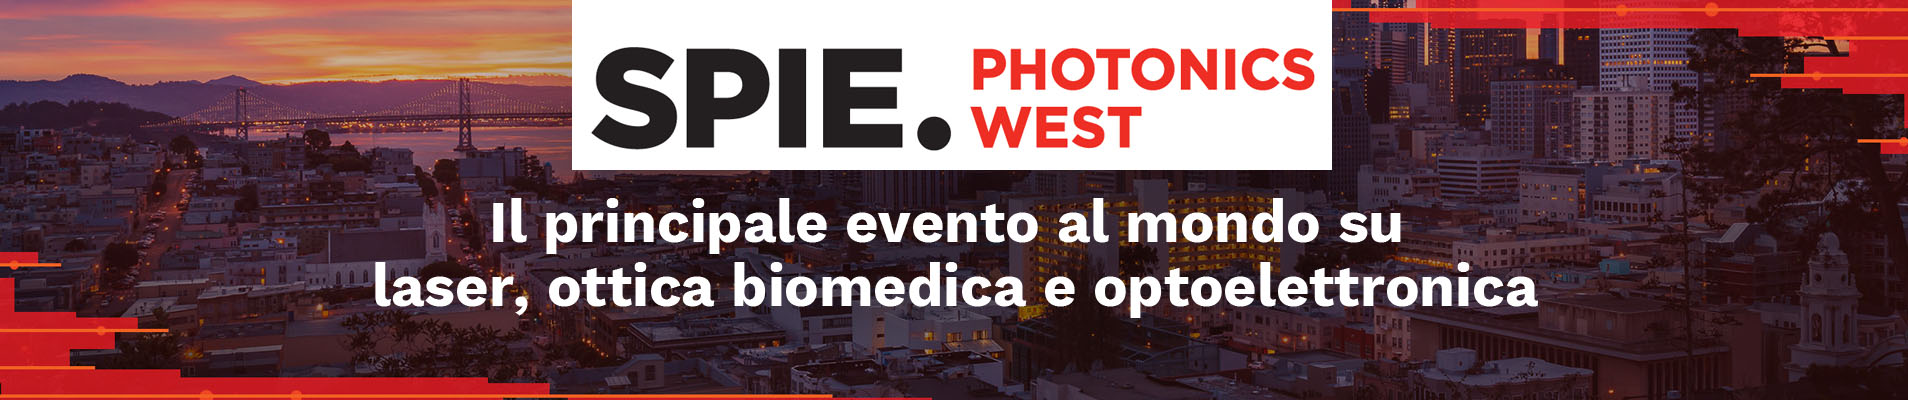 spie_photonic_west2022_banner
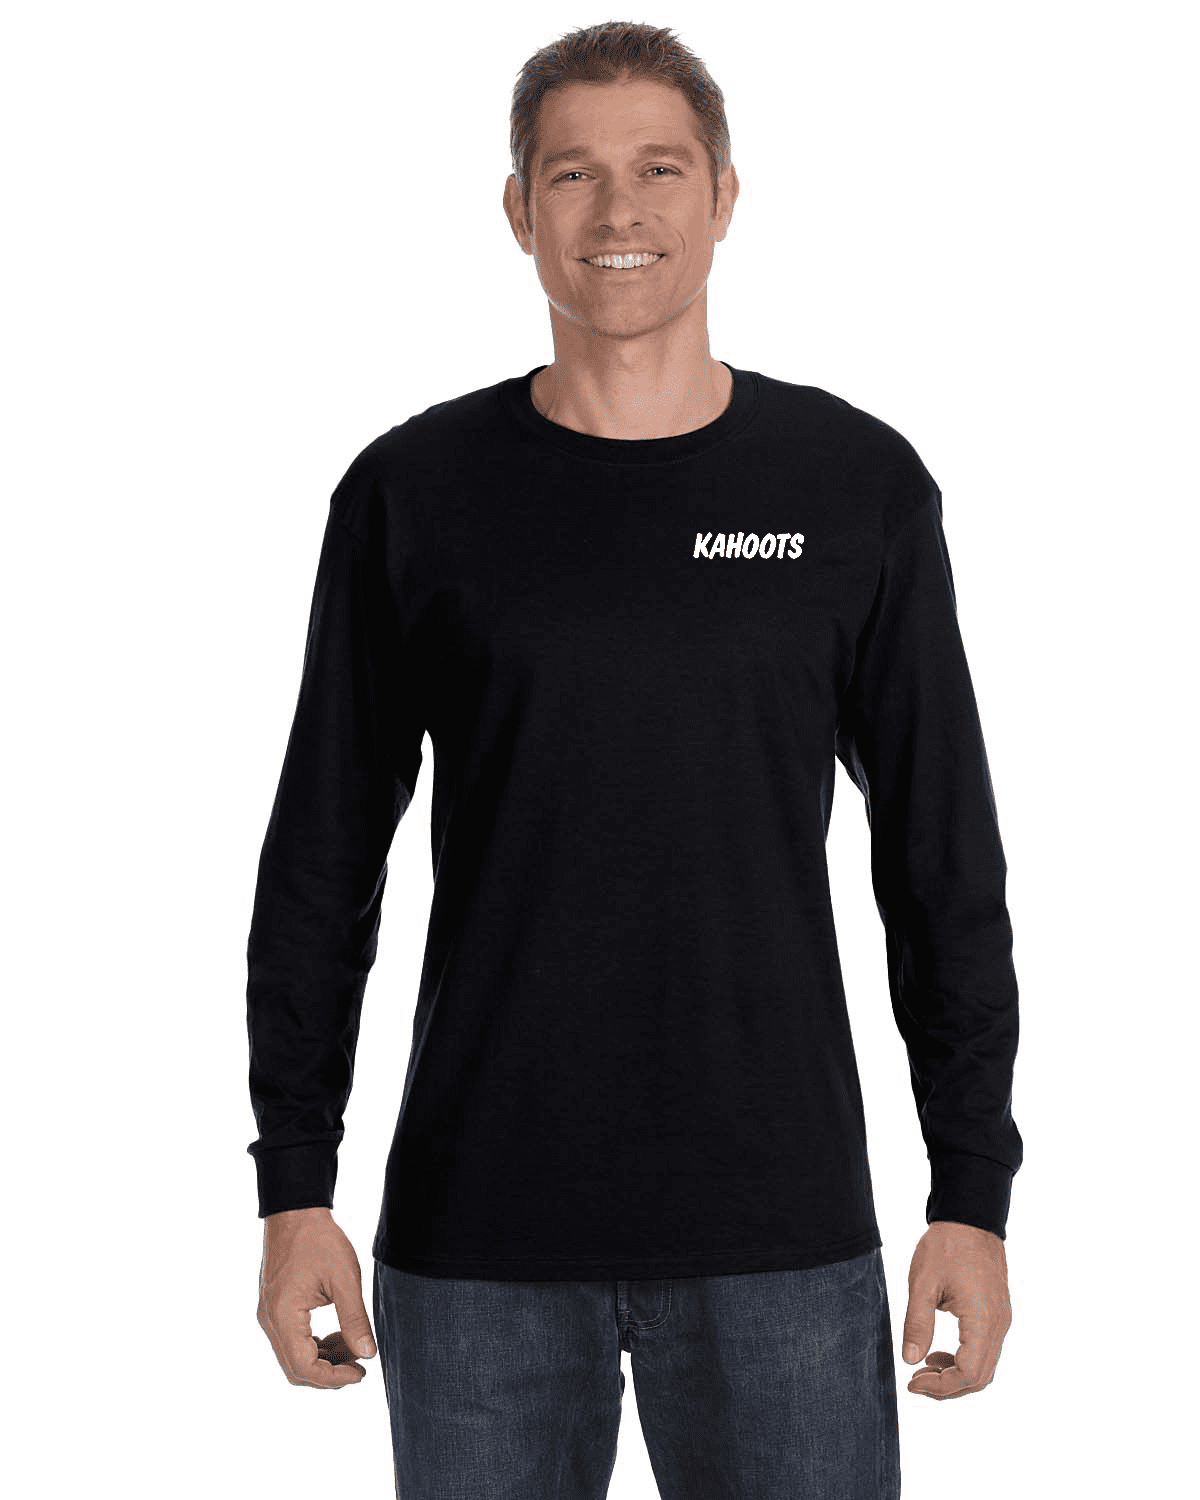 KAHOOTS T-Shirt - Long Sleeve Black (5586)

··········

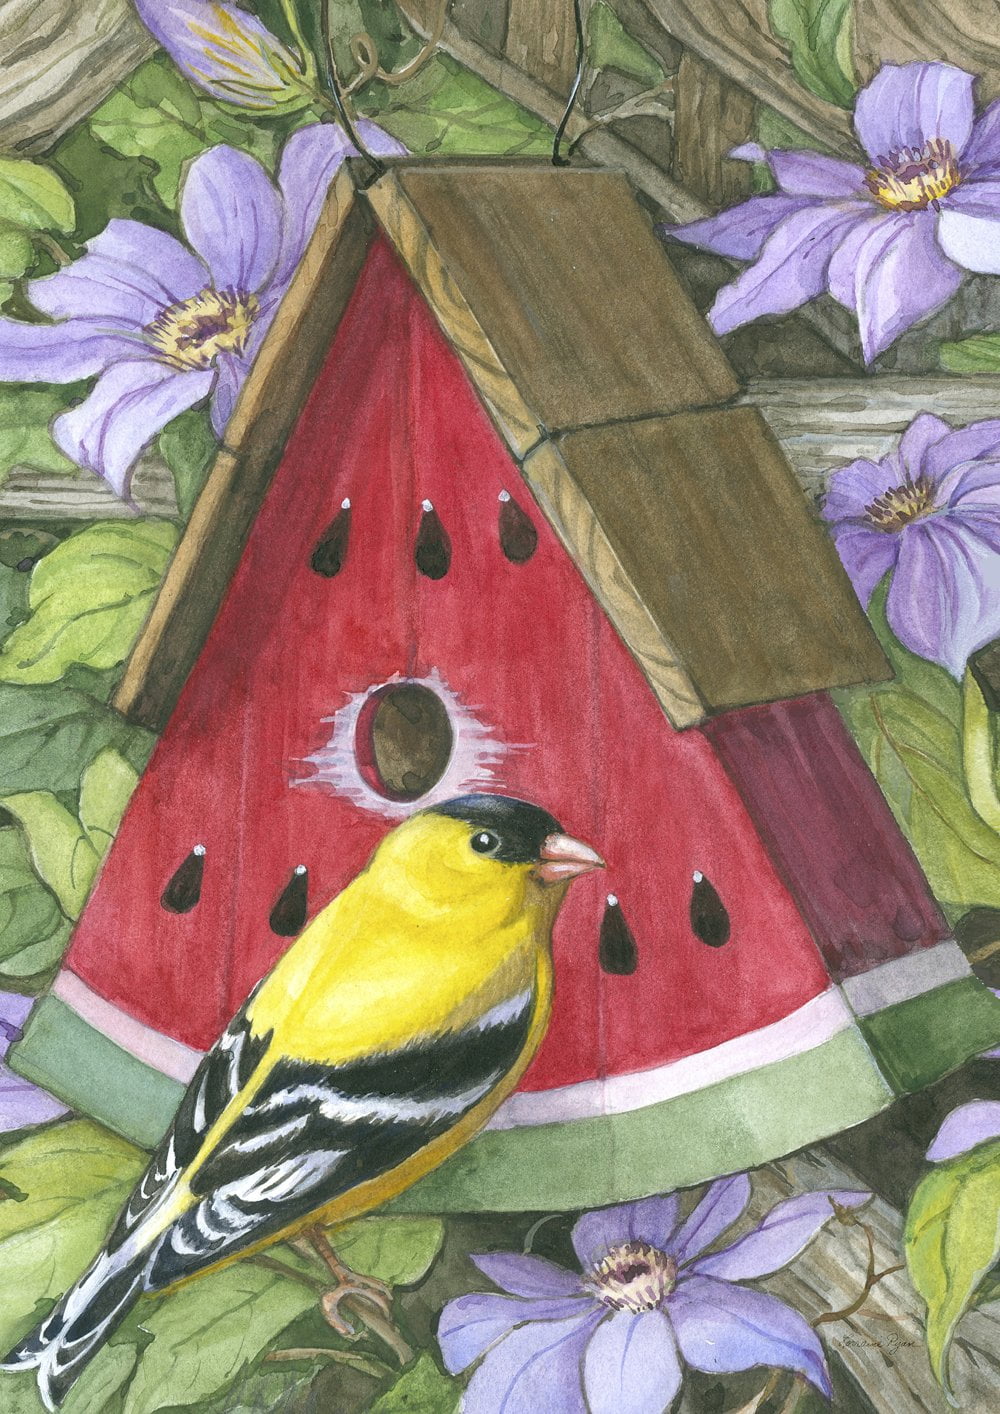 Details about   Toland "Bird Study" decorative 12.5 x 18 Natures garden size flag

··········

#### Activity:
Would you copy the lines above exactly, starting with the one that has "spie_photonic_west2022_banner" and ending with the one that has "KAHOOTS T-Shirt - Long Sleeve Black (5586)", both included, without the pictures?

#### Output for this exercise:
 spie_photonic_west2022_banner
 KAHOOTS T-Shirt - Long Sleeve Black (5586)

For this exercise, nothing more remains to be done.